Но — Прокуратура?.. Стальные отъезжающие в сторону, за высокий каменный забор, ворота? Следственный отдел по особо важным делам?
Тут и думать было не о чем, настолько это несоединимо с Валей. А Лев Романович тихим глуховатым голосом внушал мне, что у них ставки повыше, работа интересная и неутомительная и отпуск большой.
— Что вы, Лев Романович, — отрезвил я его. — У нее отца арестовали в тридцать седьмом, он пропал, неизвестно где и как.
— Пропал… — зафиксировал он механически, без вопросительной или сочувственной интонации, будто легко, почти неощутимо споткнулся обо что-то и сразу же выровнял шаг. — Это не страшно, ничему не помешает. Пусть это ее не пугает.
Каюсь, в тот миг я не мог вполне оценить ситуацию: не зная всей ужасающей правды о масштабе репрессий тридцать седьмого, не осмысливая в Шейнине активного «созидателя» апокалипсиса тех дней, я не задумался о том, с какой вельможной легкостью он отнесся к крови, к трагедии тридцать седьмого, лучше кого-либо понимая, сколь вопиюще напрасны были его жертвы. Прощение греха, индульгенция, походя выданная Вале в этот час, как бы воплотила сталинскую мудрость и милость: сын за отца не отвечает.

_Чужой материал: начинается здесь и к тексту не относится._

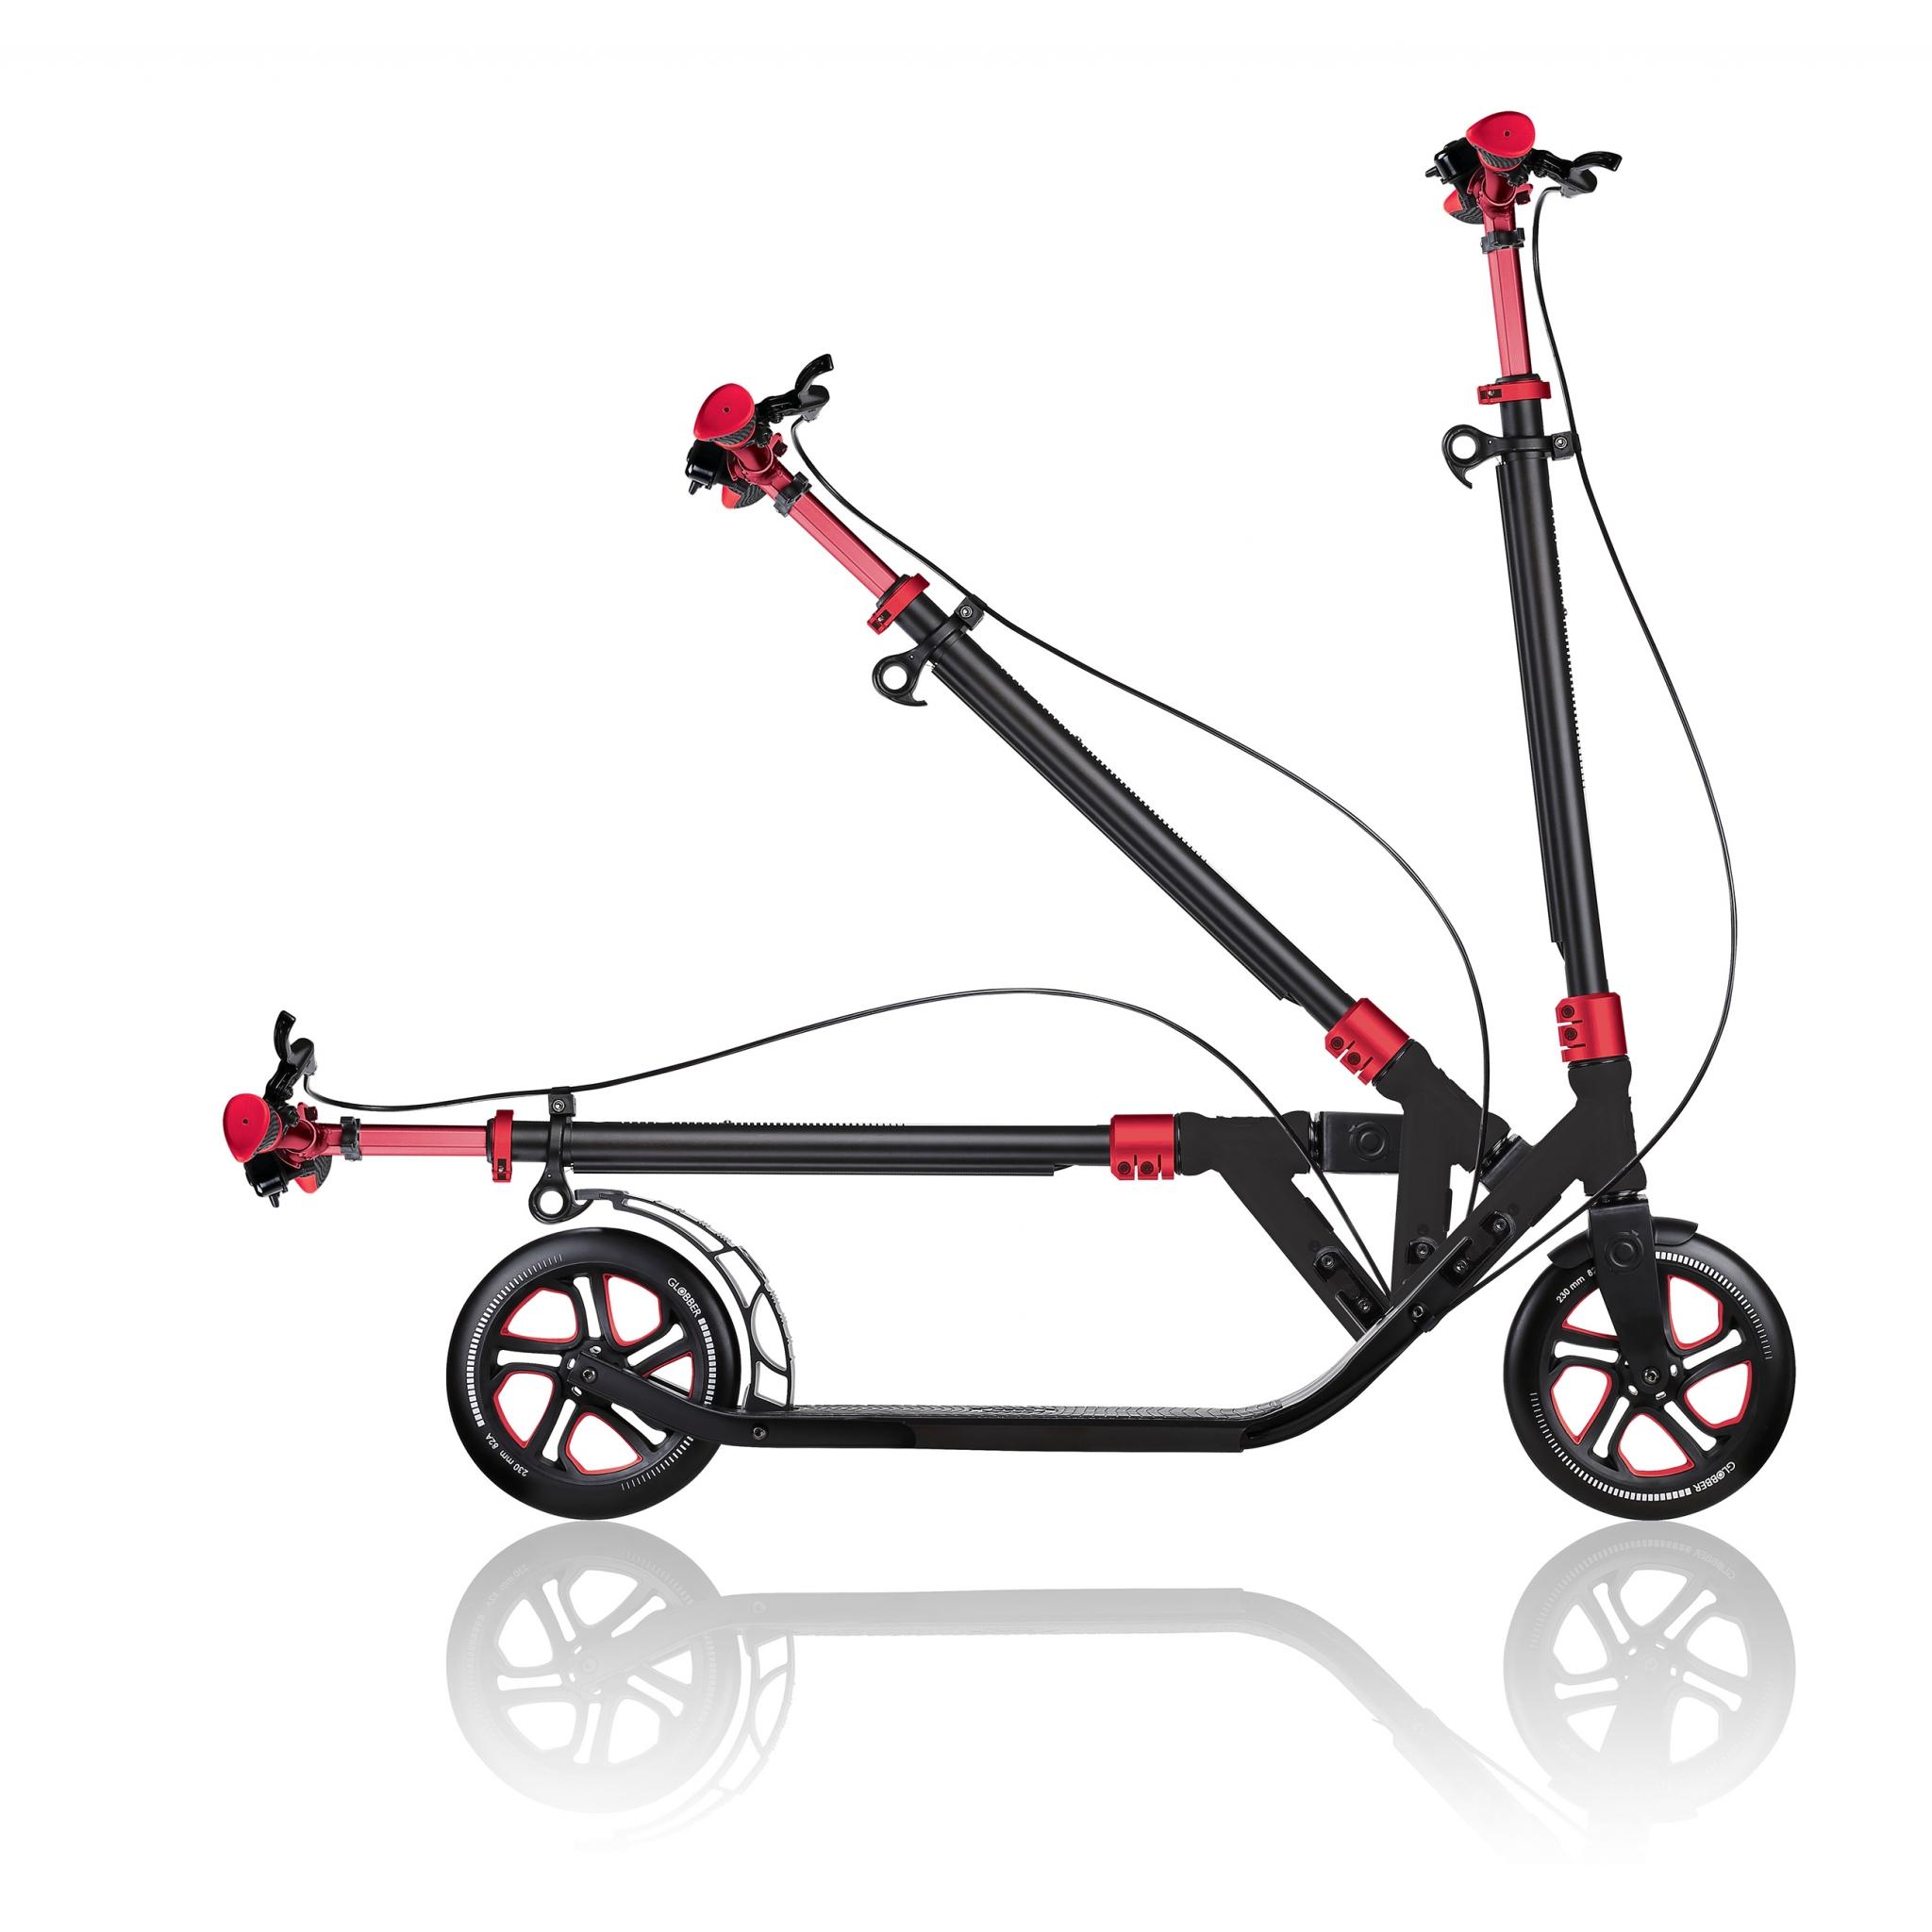 big wheel kick scooter - Globber ONE NL 230 ULTIMATE 3

В эту минуту я уже отверг Прокуратуру, зная, что отвергла бы ее и Валя, и я пустил в ход второй козырь, объявил, что Валя с матерью и Светланой, родившейся в сороковом году, прожили 1941–1943 годы в оккупированном немцами Киеве.

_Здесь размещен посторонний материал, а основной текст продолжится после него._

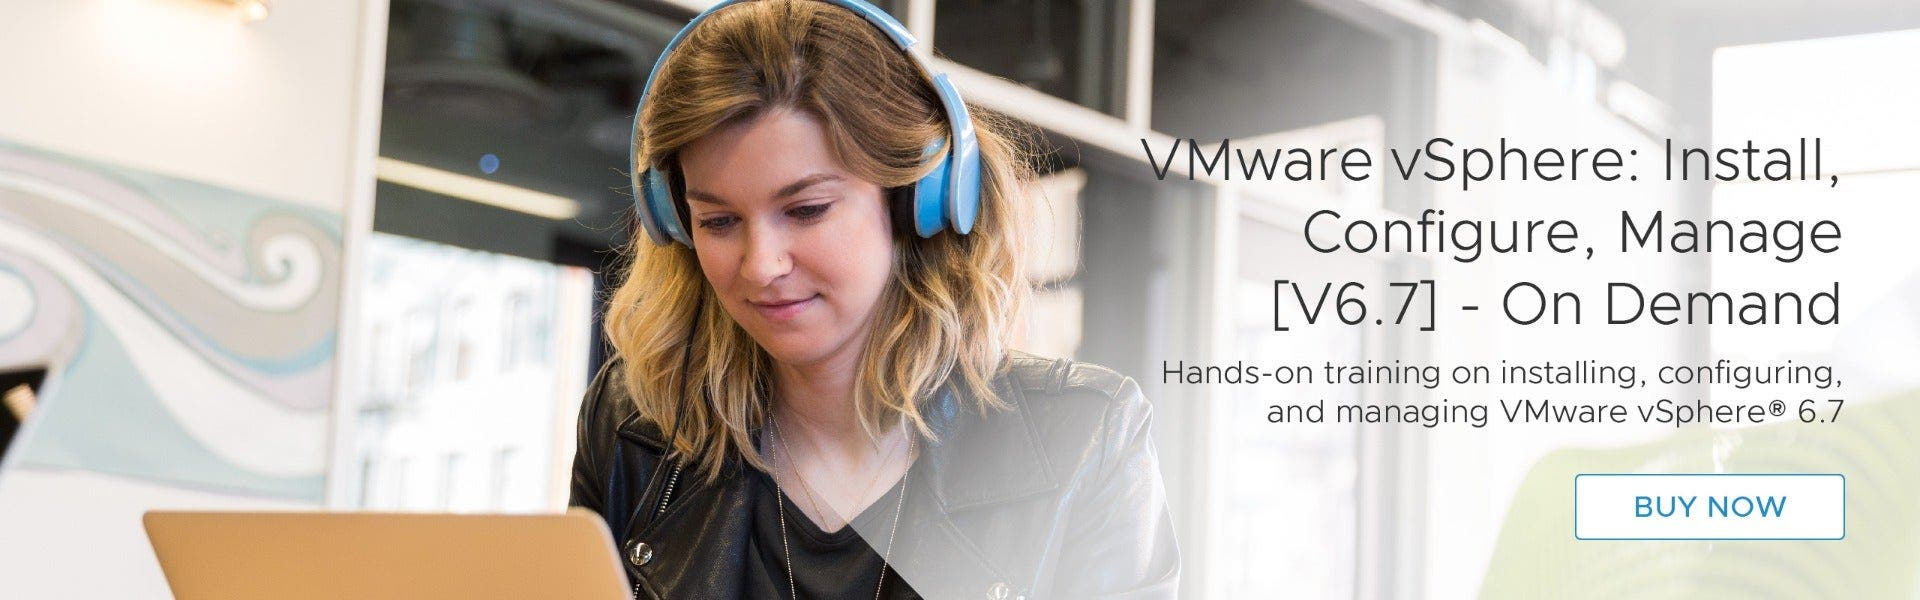 VMware vSphere: Install, Configure, Manage [V6.7] - On Demand. Hands-on training on installing, configuring, and managing VMware vSphere® 6.7

Теперь Шейнин споткнулся основательно. Секунда молчания, нелепая укоризна, просквозившая в его взгляде, — все говорило за то, что в высший правоохранительный эшелон власти категорически запрещено брать людей с таким изъяном.

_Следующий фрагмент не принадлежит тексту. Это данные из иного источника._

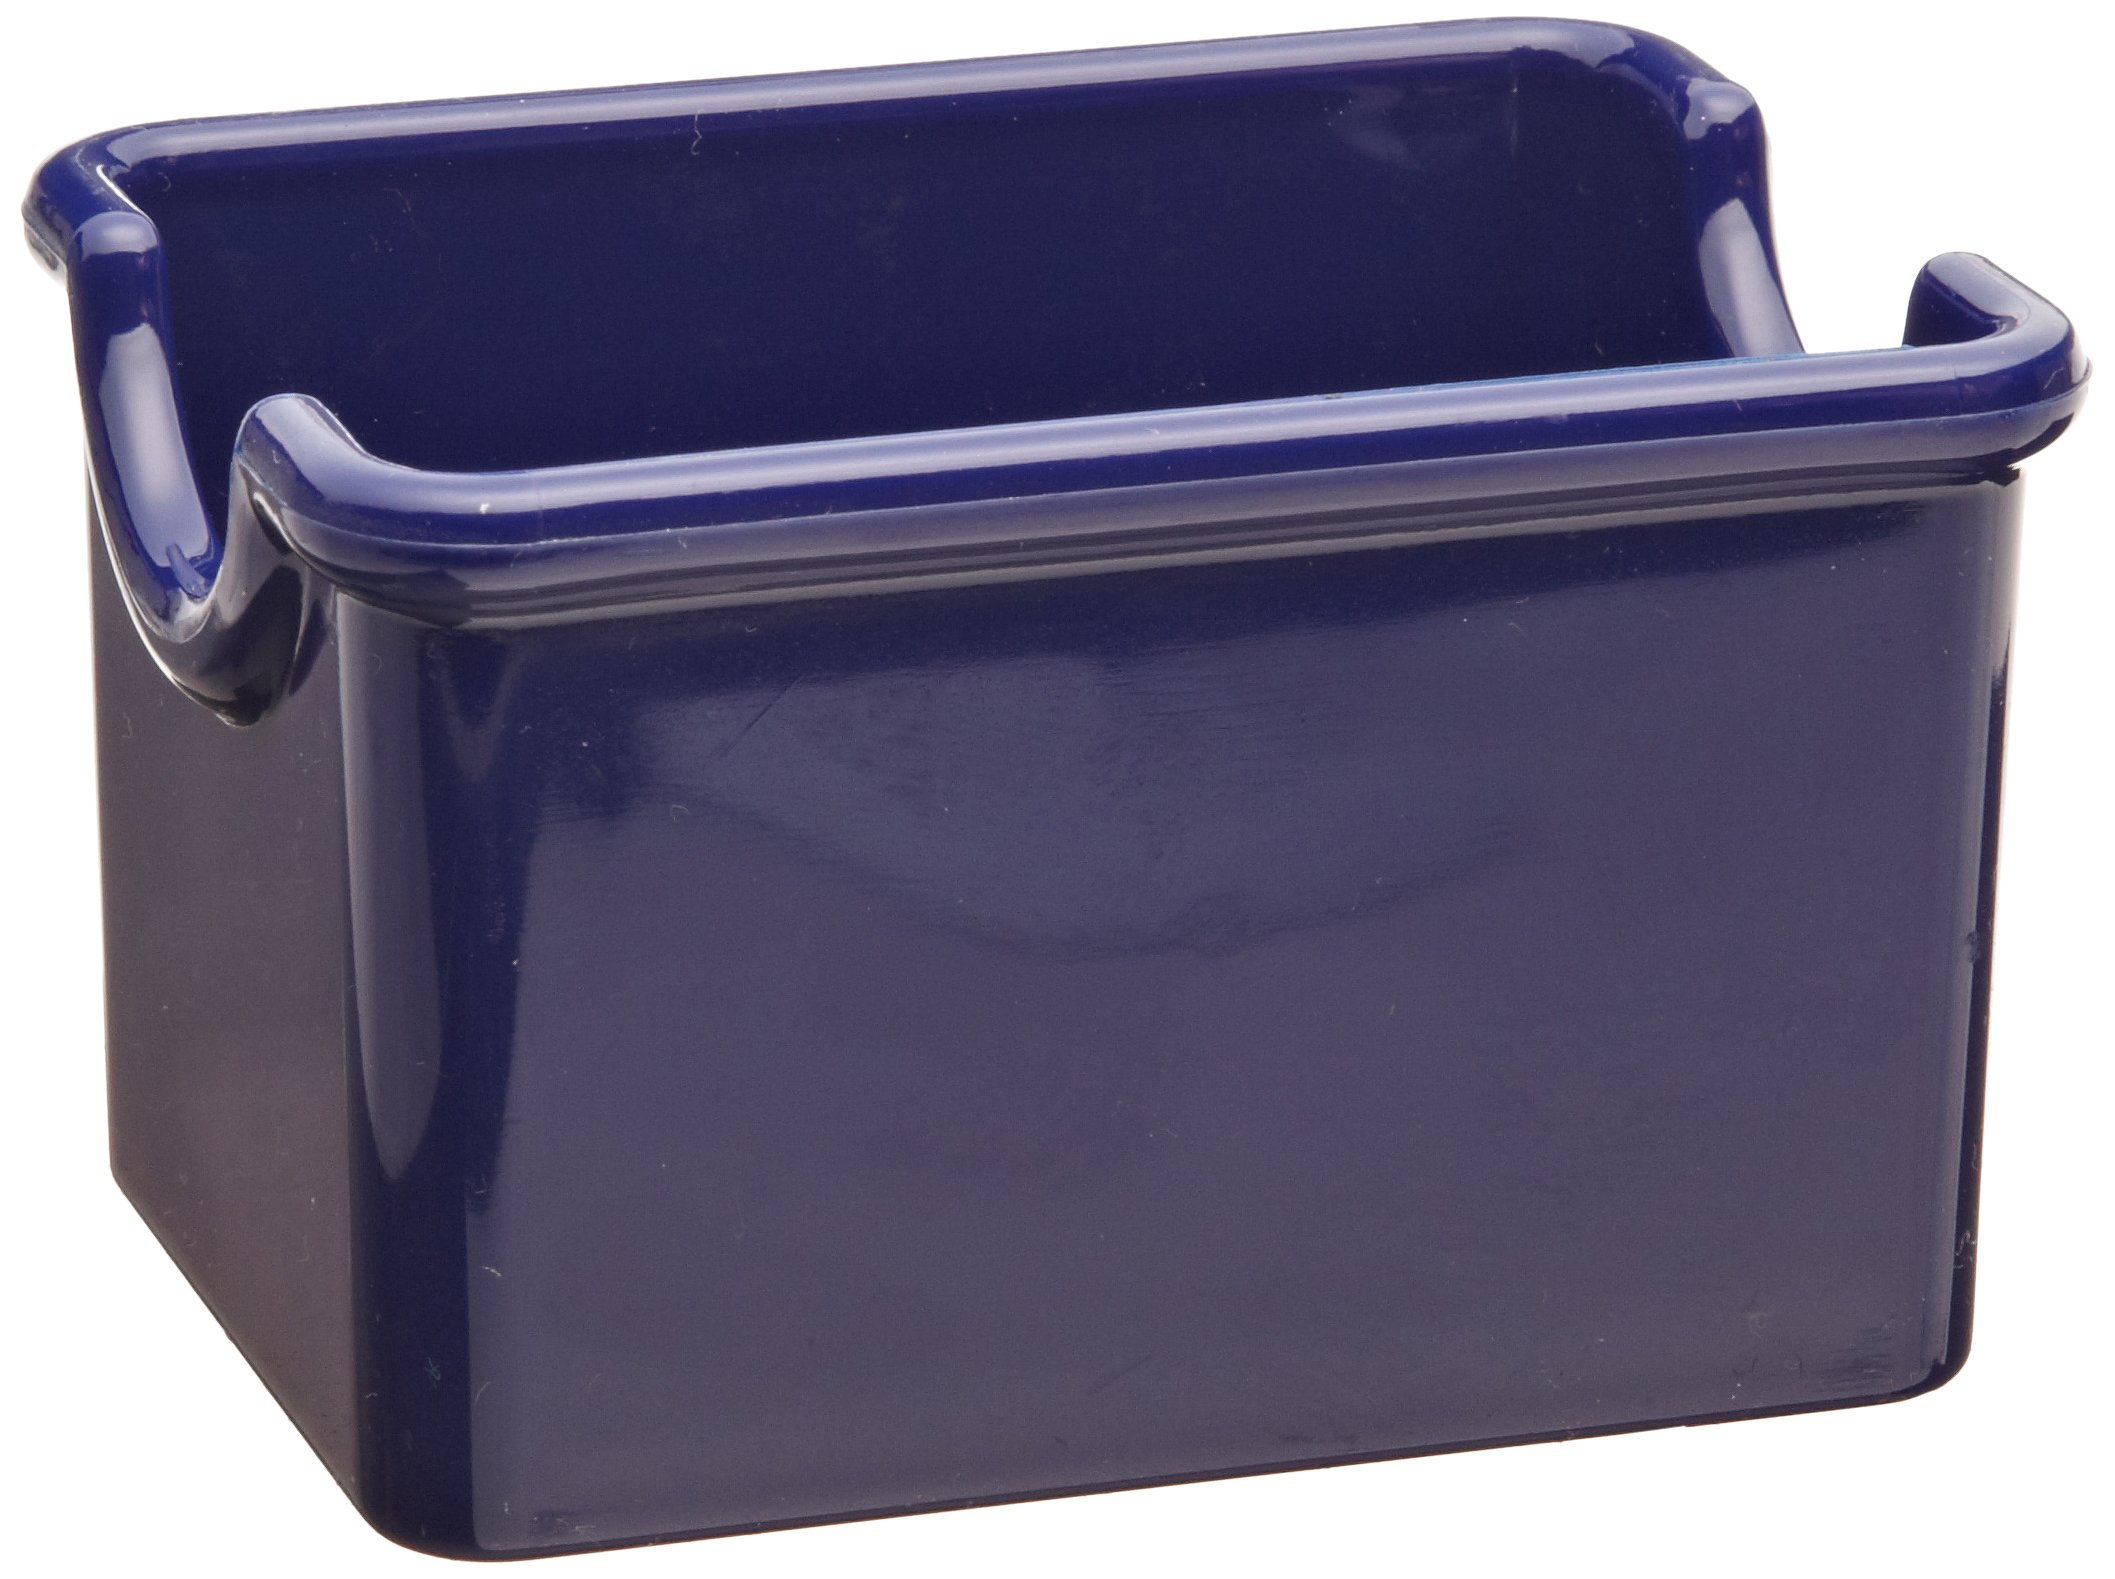 Carlisle 455060 Styrene Sugar Caddy, Cobalt Blue

Но он и на этот раз извернулся: чепуха, мол, вздор, все обойдется, он оформит Валю. А я уже понял, что все это неправда, что ему вовсе не нужен новый работник, что он, умный, прожженный человек, начиная со мной разговор, понимал, что я не благословлю жену на службу. Пришлось сказать, что наши планы другие, Валя нужна дома, через полгода мы ждем прибавления семейства, какая тут служба…
Не за этим же он посылал ко мне машину, звал настойчиво, но и просительно?
— Саша, вы читаете по-немецки? — спросил он, поднявшись с кресла, и потянулся рукой к сейфу.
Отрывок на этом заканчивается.